Hello, I hear a lot of people ask the questions “Why don’t you follow Leviticus laws” to Christians and then precede to choose the ones with the most shock value like those that involve stoning and such.

So I actually became curious. Why doesn’t Rabbinical Judaism follow any of these teachings such as the one that require to stone a disobedient child, or laws requiring a rapist to marry their victim?

I do not wish to be offensive when asking this, but I am curious about it since I would have assumed theologically nothing about those laws should have been deemed unholy or no longer valid if God retained his covenant with the Jews.


#2

[quote="Uriah_Betrayed, post:1, topic:280964"]
Hello, I hear a lot of people ask the questions "Why don't you follow Leviticus laws" to Christians and then precede to choose the ones with the most shock value like those that involve stoning and such.

So I actually became curious. Why doesn't Rabbinical Judaism follow any of these teachings such as the one that require to stone a disobedient child, or laws requiring a rapist to marry their victim?

I do not wish to be offensive when asking this, but I am curious about it since I would have assumed theologically nothing about those laws should have been deemed unholy or no longer valid if God retained his covenant with the Jews.

[/quote]

The short answer is 'Oral Torah', the huge tradition of legal judgements and interpretation that has built up from the start. A bit like a country that starts off with a Constitution and a 'Legal System' - as time goes by a body of law, within the 'spirit of the Constitution' grows based on circumstances, interpretation and precedent.

In the end, even in Biblical Times, it was difficult to get yourself executed because the procedural and evidential barriers made it an unlikely outcome.


#3

The short answer is 'Oral Torah', the huge tradition of legal judgements and interpretation that has built up from the start. A bit like a country that starts off with a Constitution and a 'Legal System' - as time goes by a body of law, within the 'spirit of the Constitution' grows based on circumstances, interpretation and precedent.
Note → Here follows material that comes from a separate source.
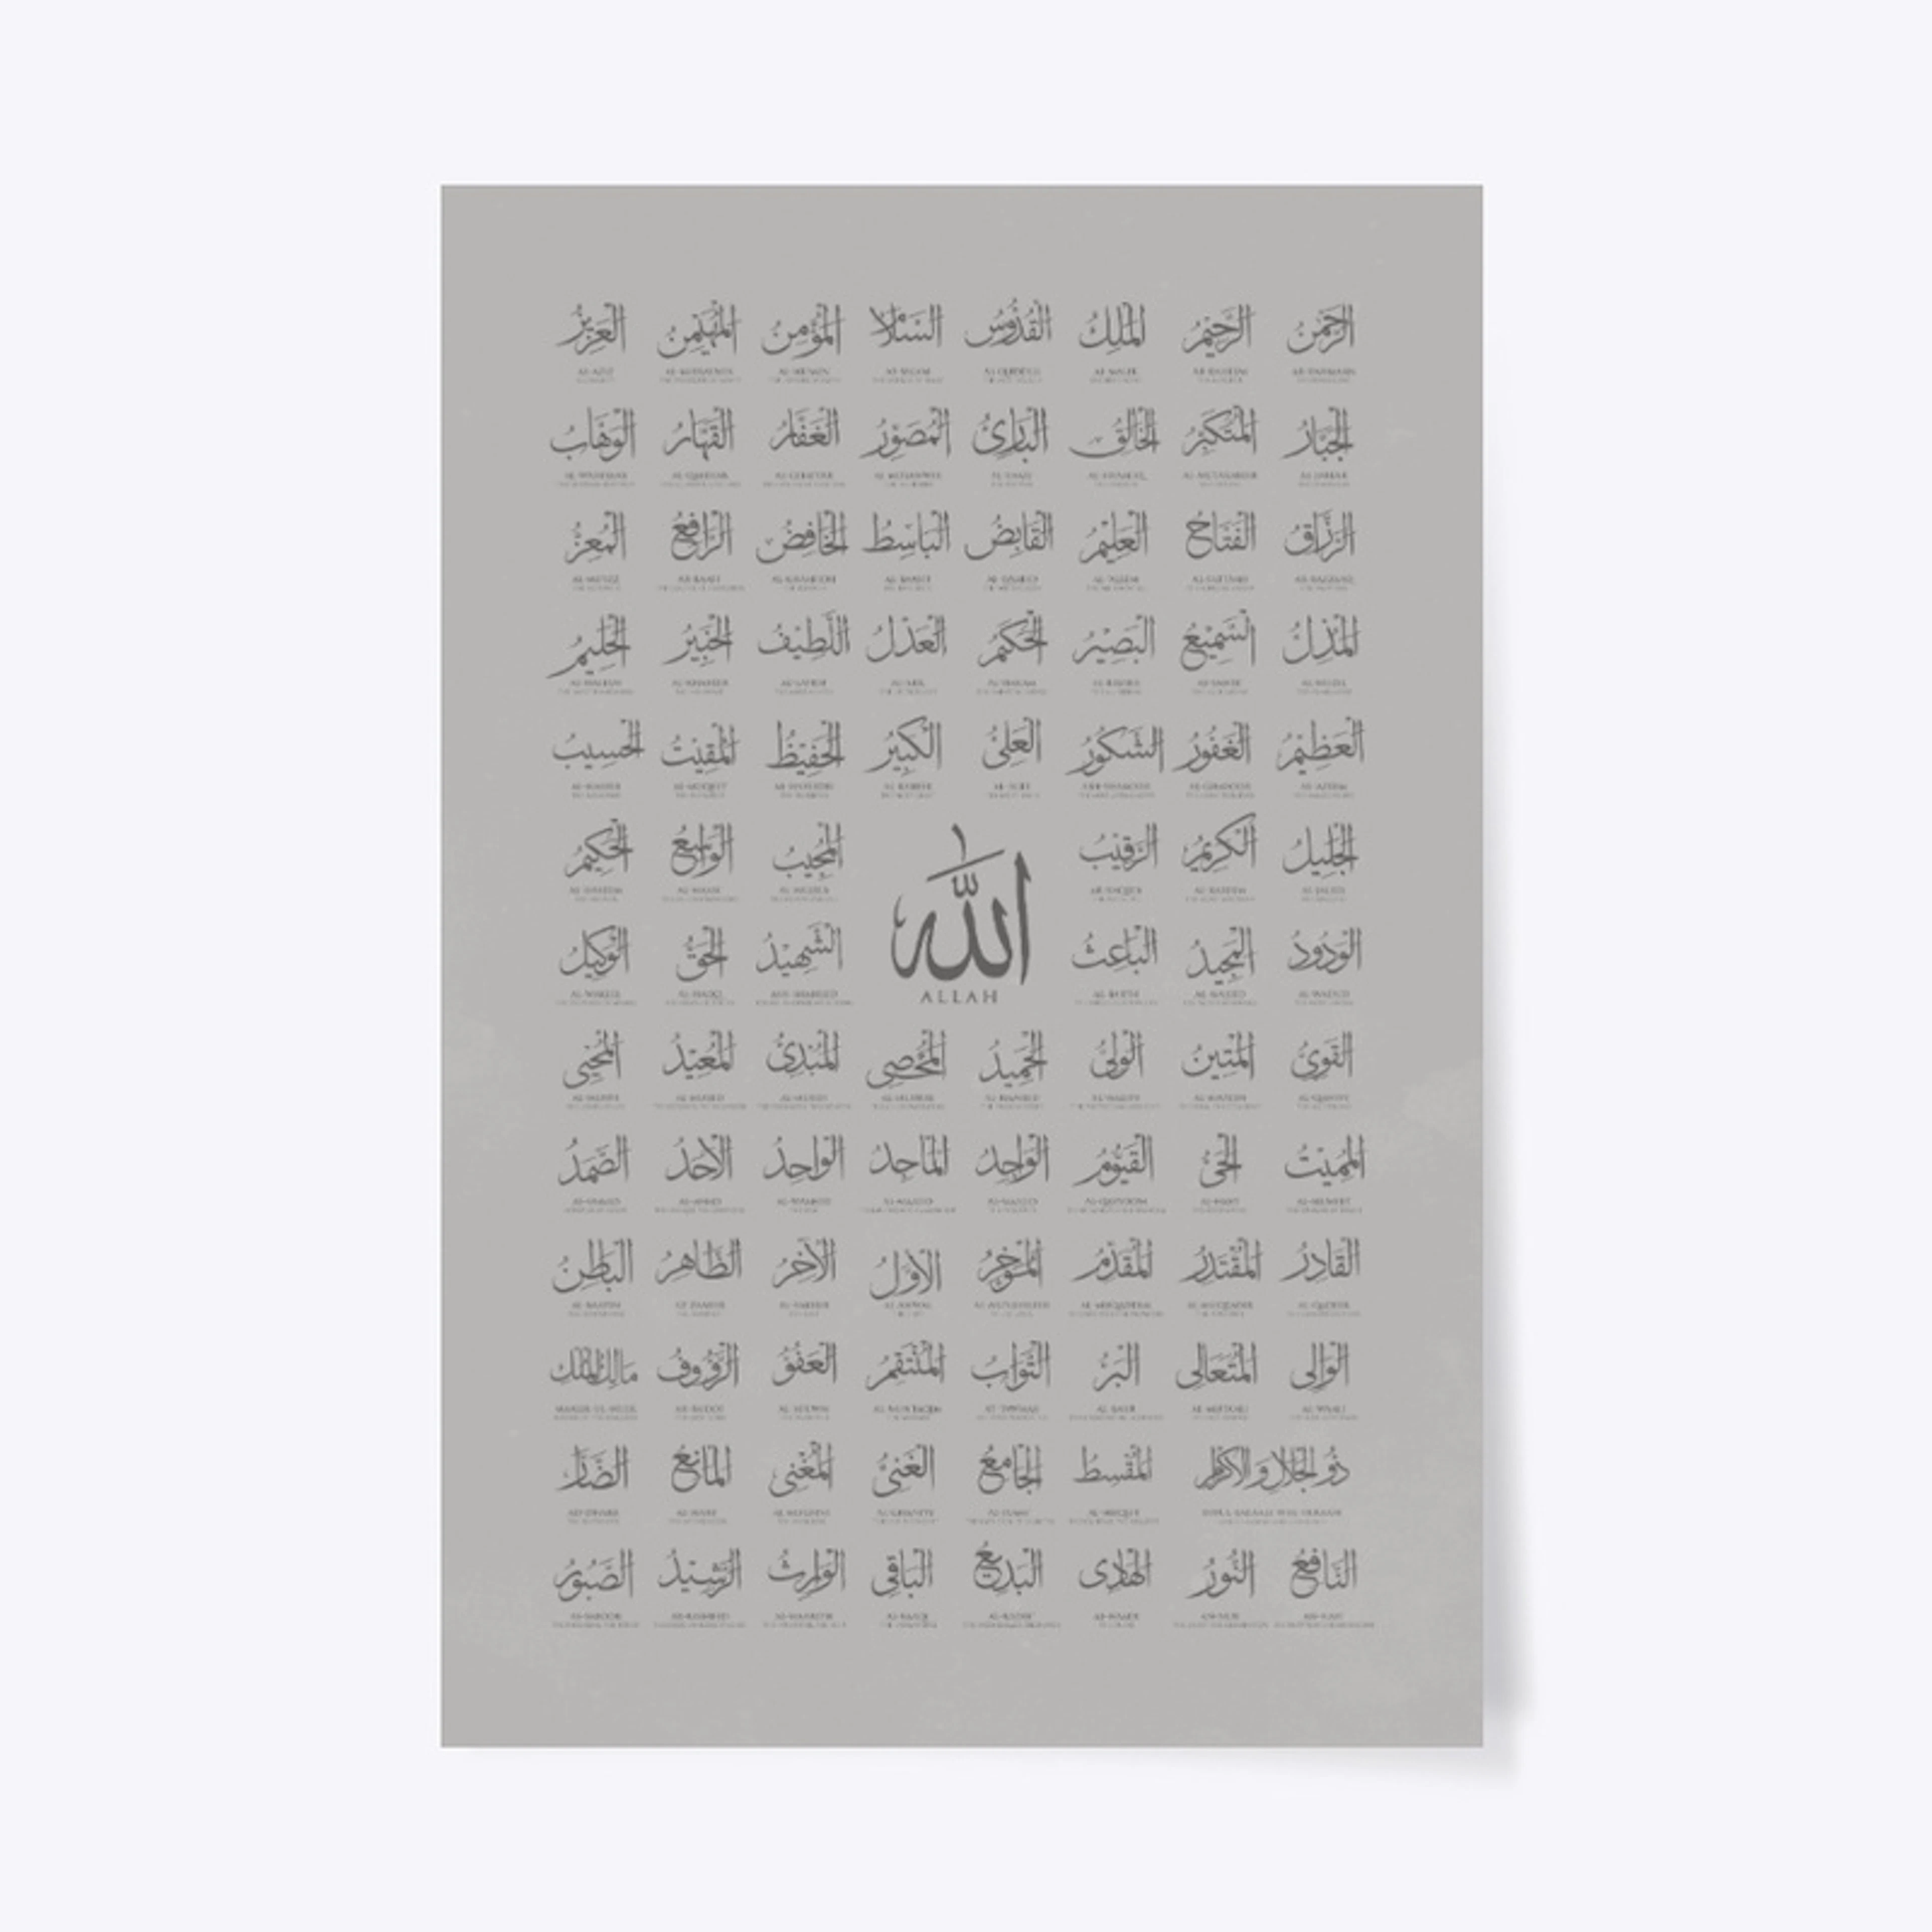 99 names of Allah

In the end, even in Biblical Times, it was difficult to get yourself executed because the procedural and evidential barriers made it an unlikely outcome.

I suppose I'm having difficulty understanding since these laws I'm assuming are suppose to be divinely mandated. So theologically is it God deciding to tell his Chosen people through a prophet that a a law or practice is no longer enforced because of the change in society?


#4

Suppose that there’s a country with a law against stealing apples where you get executed for doing so . . . .

But then people get to think ‘Are we sure that the person concerned knows that their action is wrong and that the penalty is death?’

So, they decide that, in such cases, immediately prior to the action, at least 10 people must be there to advise the individual on the infringement and its consequences.

They also start to consider that there must be a very high level of evidence in cases involving the stealing of apples - so, perhaps, they suggest that there must be at least 5 independent witnesses to the apple-stealing act.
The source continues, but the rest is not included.